*Work to be completed*. Find the line containing "民家の騎士さんの最後の性戦ハイビジョン!!No.65 プライベート 盗撮動画紹介", then print it and each line after it through the end of the listing exactly, with no pictures.

*Data shown*.

◇ ◇ ◇ ◇

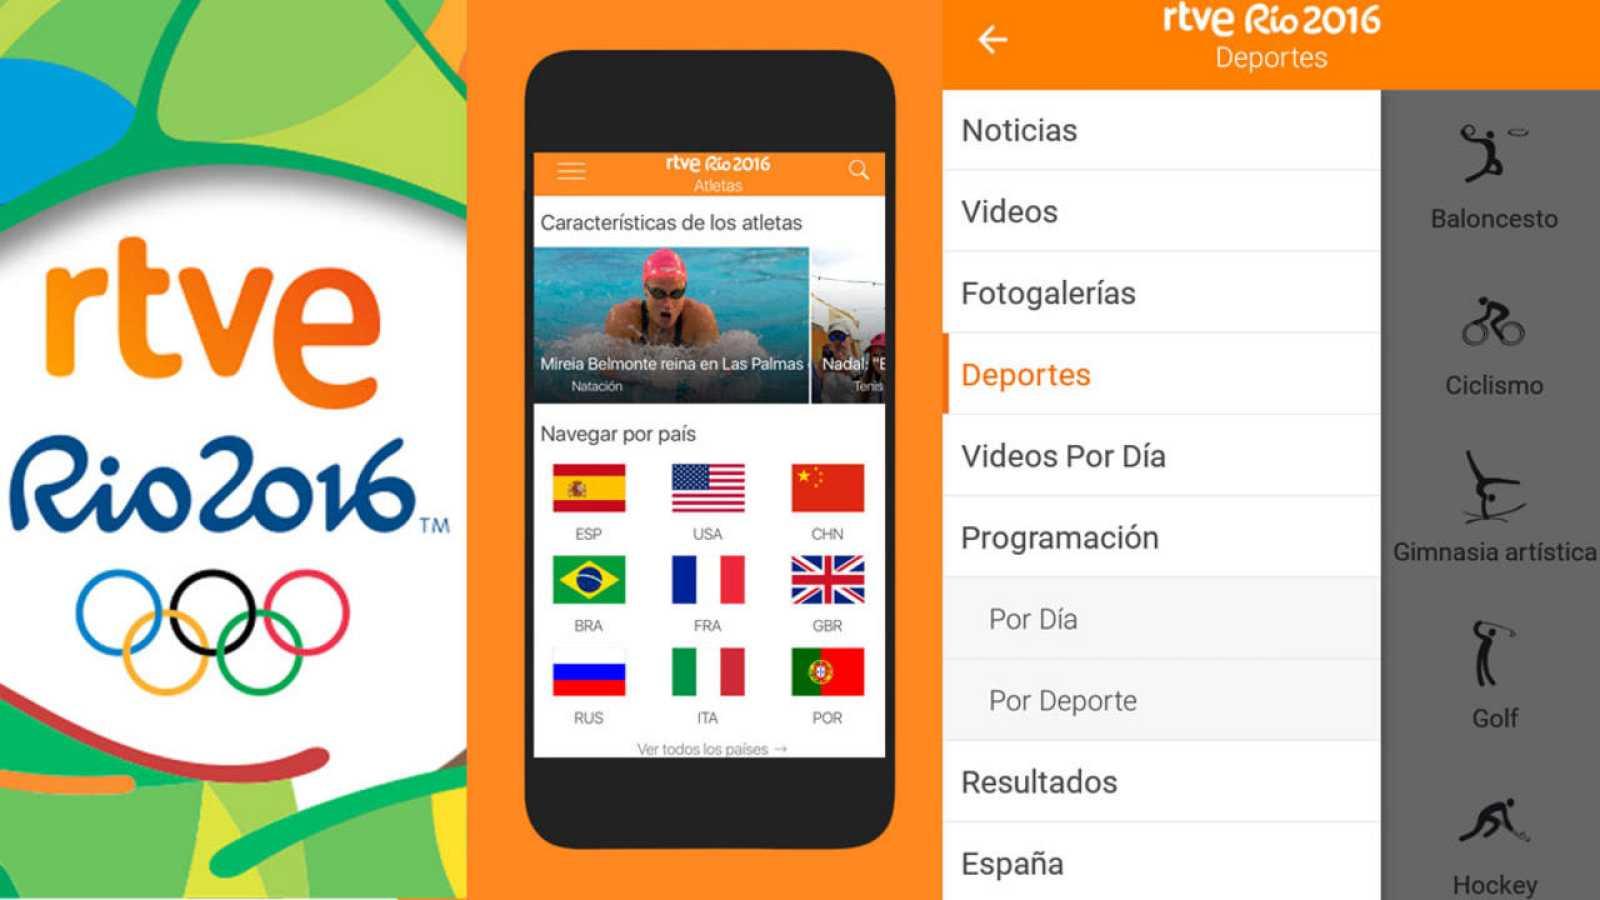 App RTVE Río 2016: 19 señales, calendario, medallero y todas las noticias
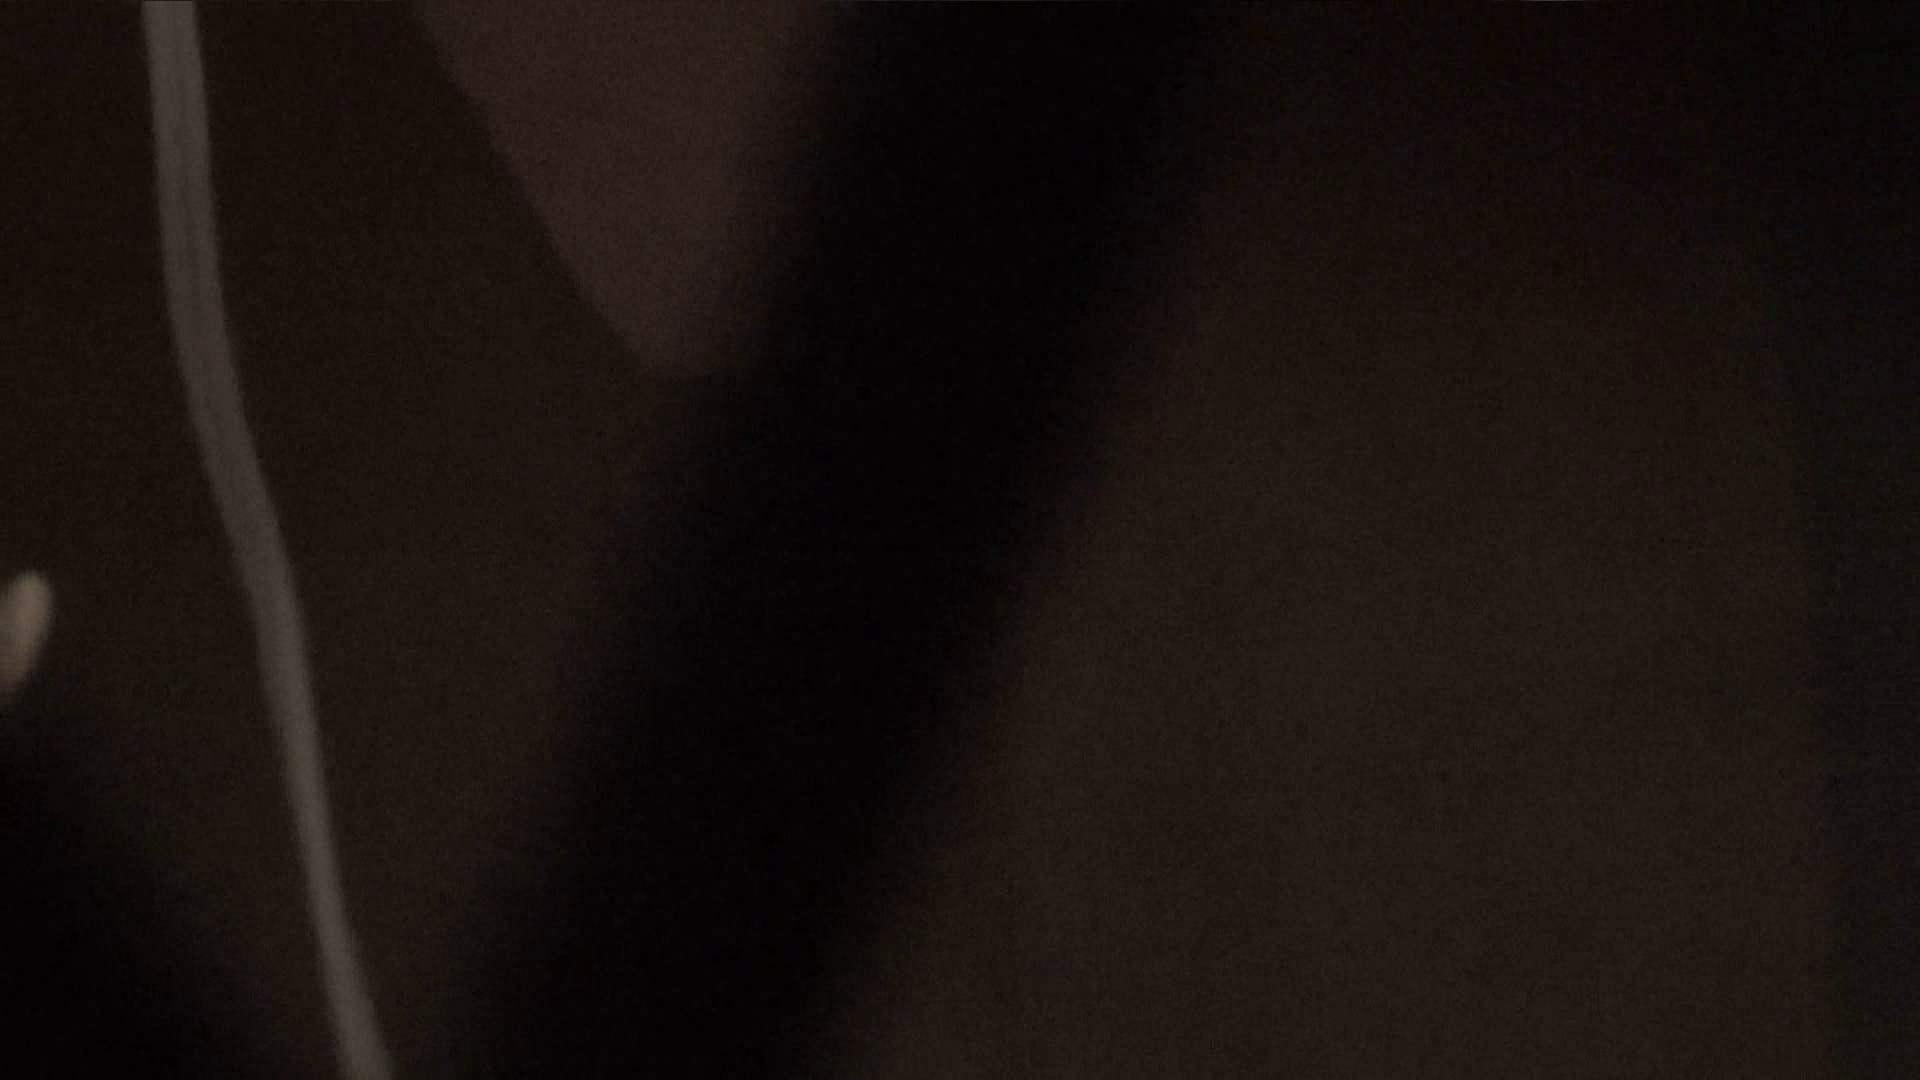 民家の騎士さんの最後の性戦ハイビジョン!!No.65 プライベート 盗撮動画紹介 89画像 27
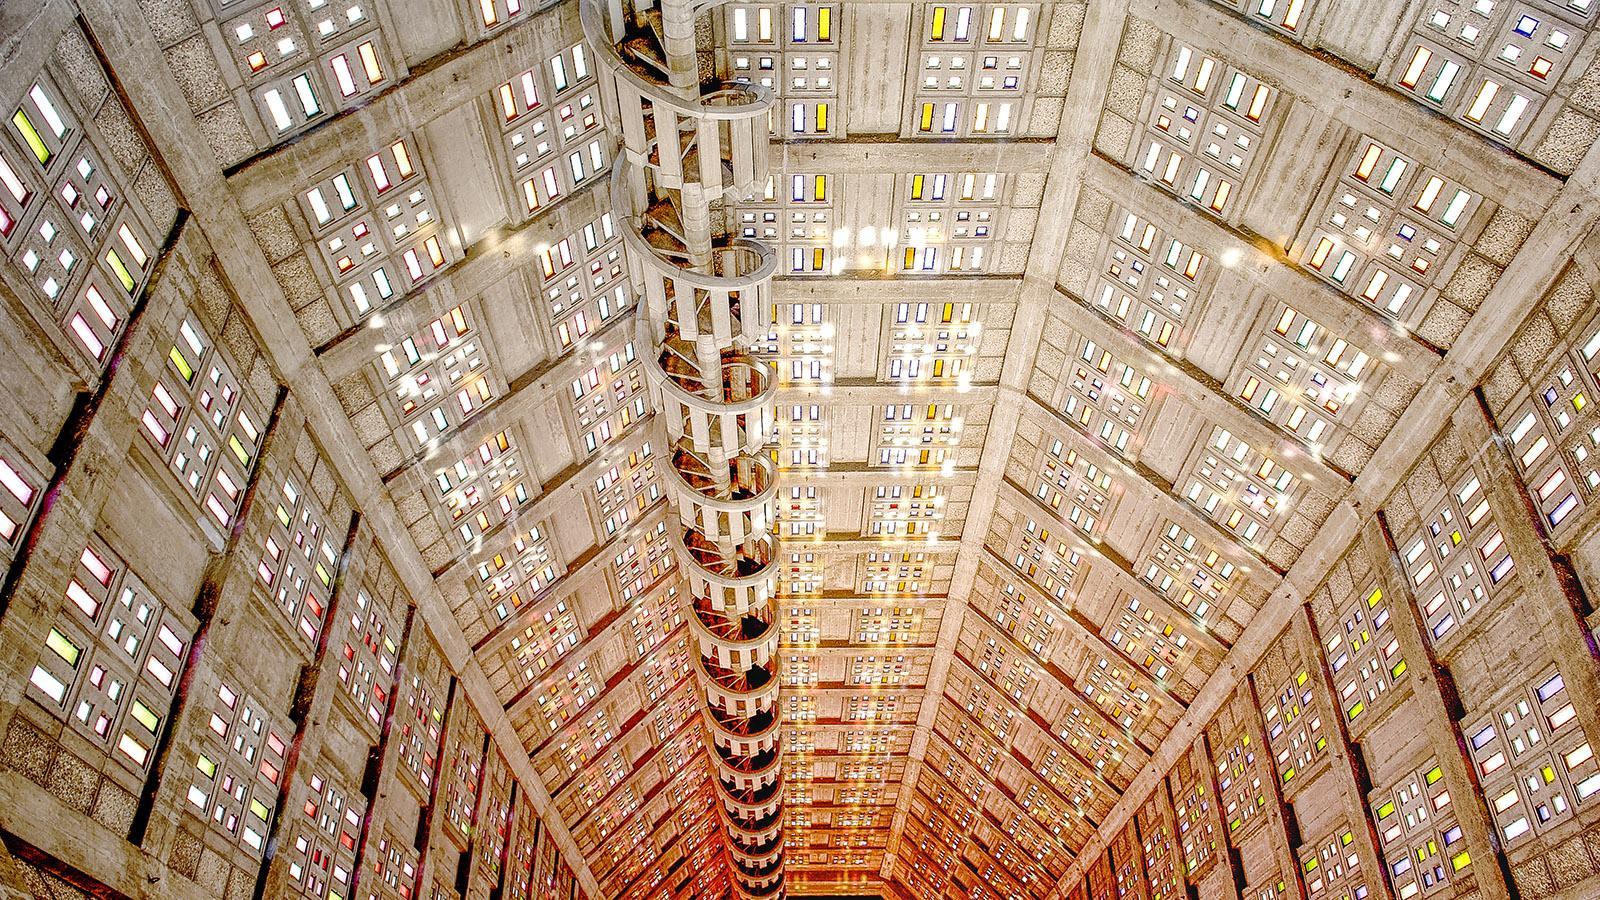 Église Saint-Joseph, Le Havre: An der Turmwand klebt die Wendeltreppe - was für eine Architektur! Foto: Hilke Maunder
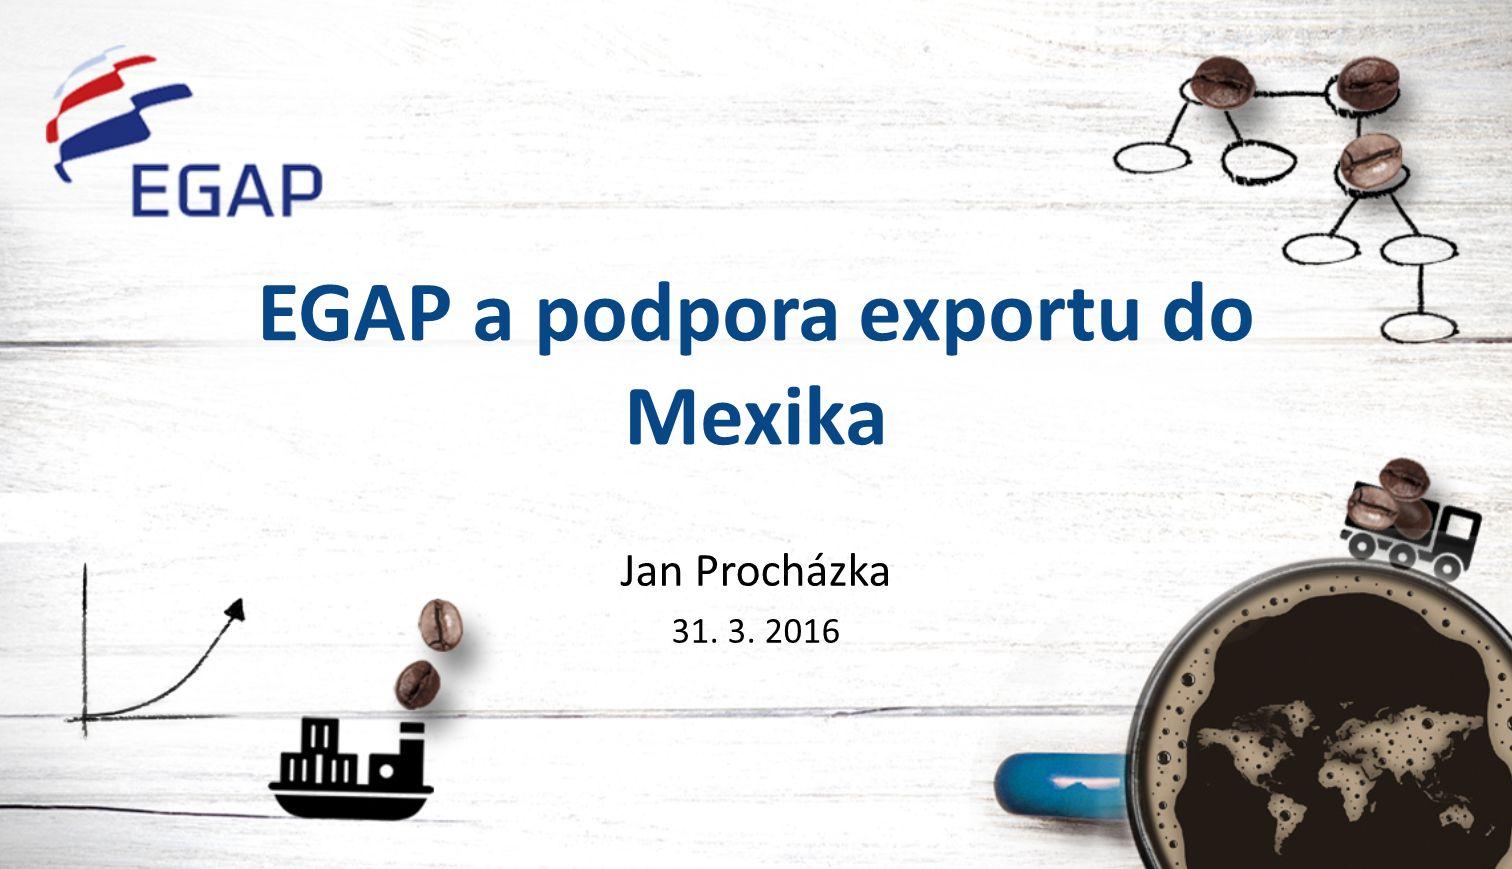 EGAP a podpora exportu do Mexika Jan Procházka 31. 3. 2016

◇ ◇ ◇ ◇

*Answer space*.
 民家の騎士さんの最後の性戦ハイビジョン!!No.65 プライベート 盗撮動画紹介 89画像 27
 Église Saint-Joseph, Le Havre: An der Turmwand klebt die Wendeltreppe - was für eine Architektur! Foto: Hilke Maunder
 EGAP a podpora exportu do Mexika Jan Procházka 31. 3. 2016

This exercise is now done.